— Assignment —
Could you restate word for word each line from the top of the listing below through the line containing "Stainless iron: what"? Keep the pictures out.

— Dataset extract —
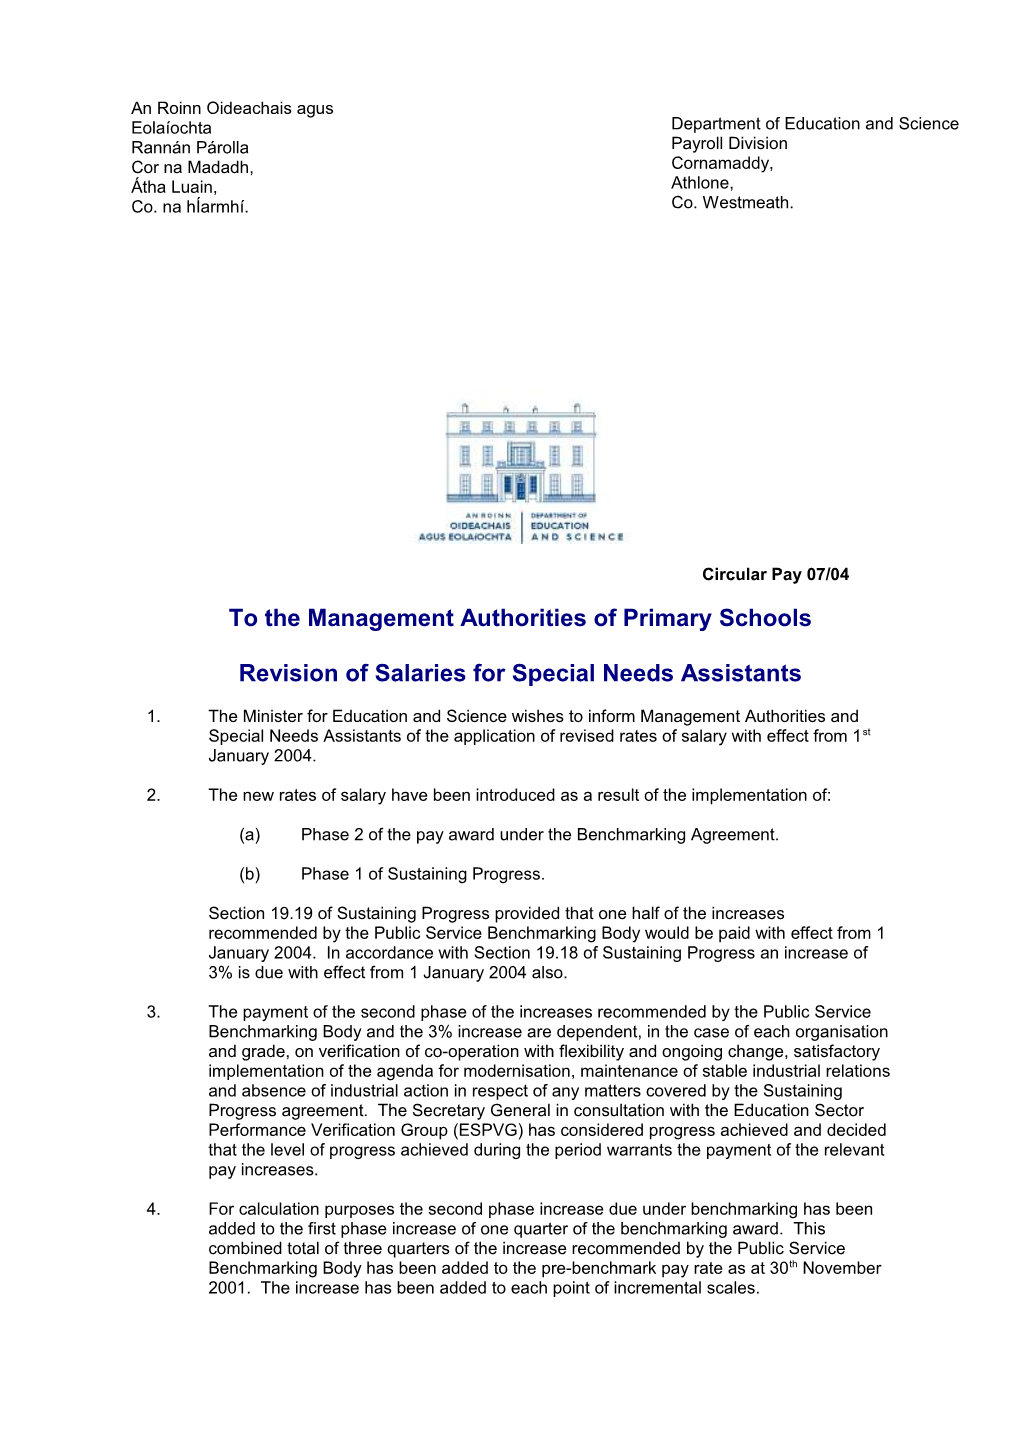 Circular 07/04 - Revision of Salaries for Special Needs Assistants - Primary (File Format
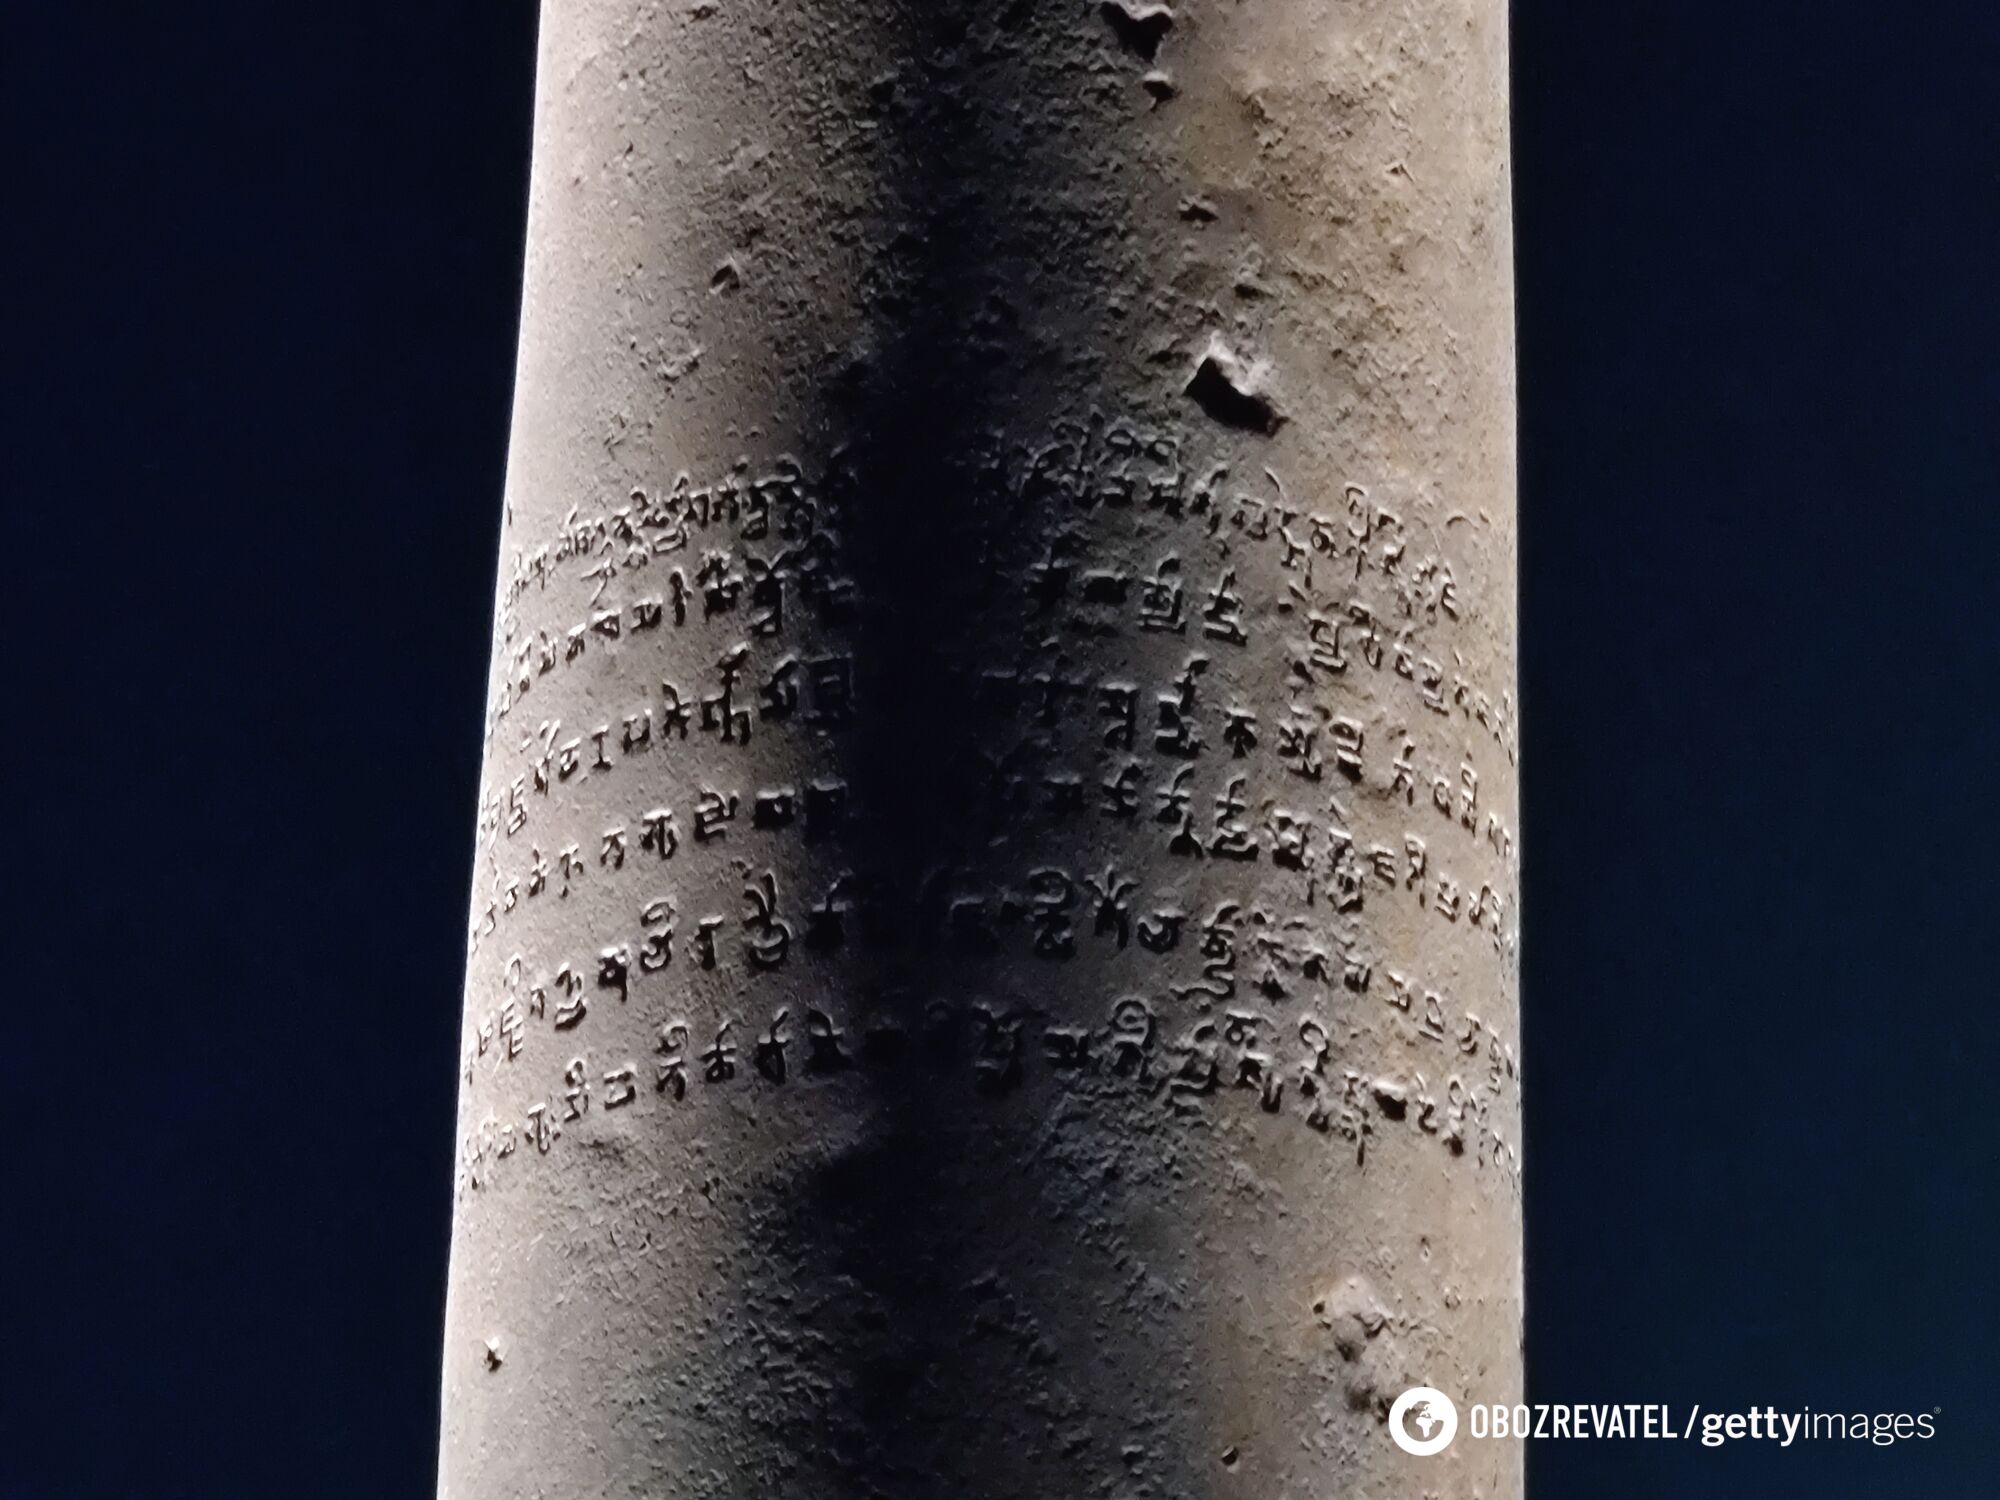 Stainless iron: what is the secret of India's world-famous 'wishing pillar' and what this 1,600-year-old column look like
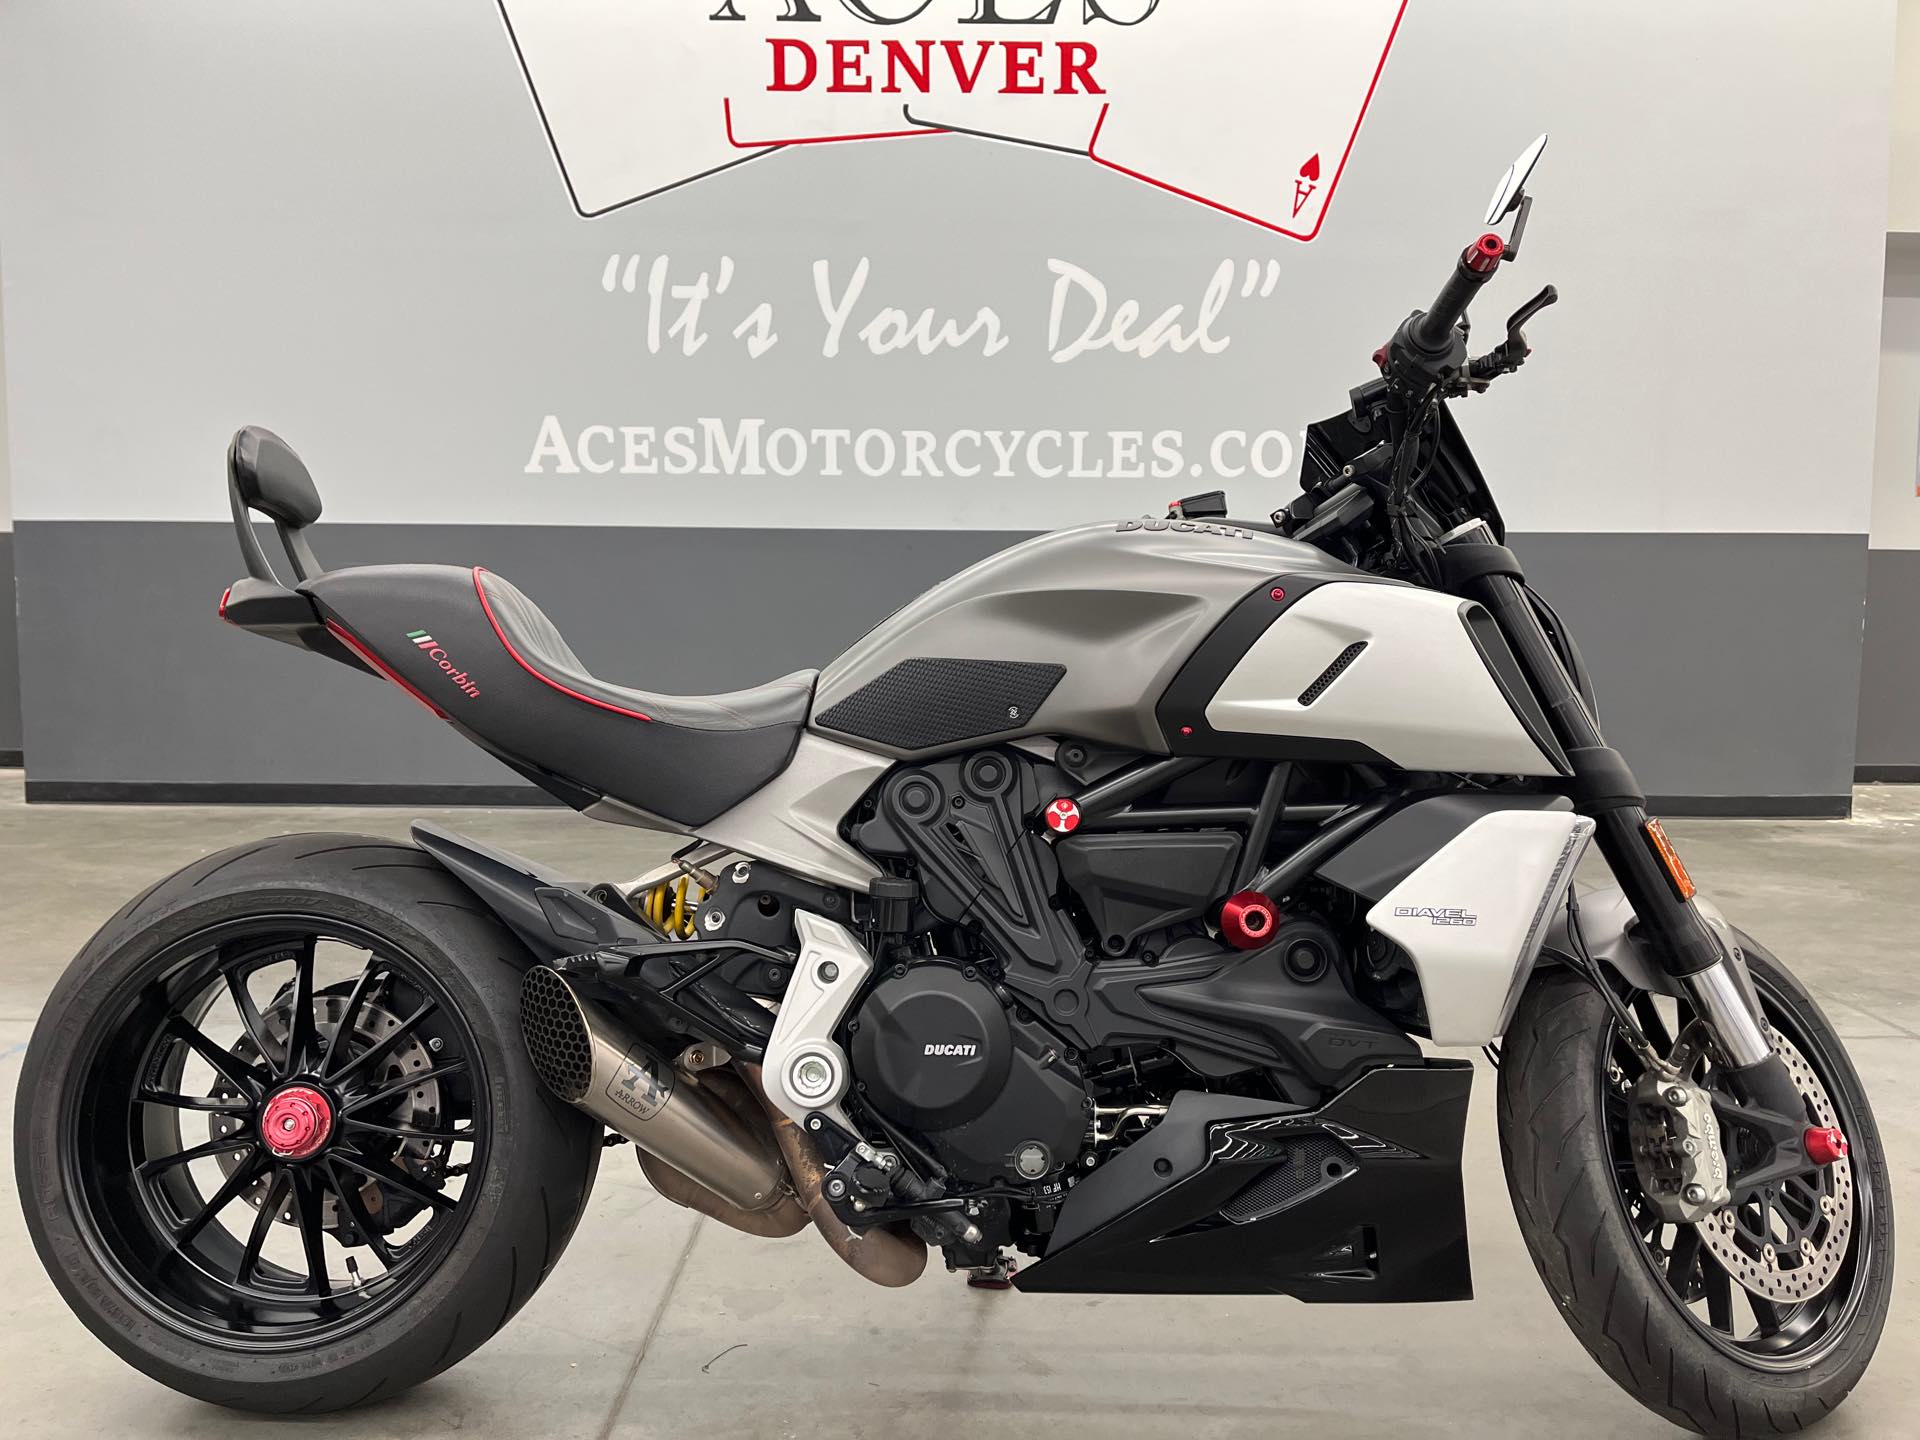 2020 Ducati Diavel 1260 at Aces Motorcycles - Denver

— Output of the task —
 Circular 07/04 - Revision of Salaries for Special Needs Assistants - Primary (File Format
 Stainless iron: what is the secret of India's world-famous 'wishing pillar' and what this 1,600-year-old column look like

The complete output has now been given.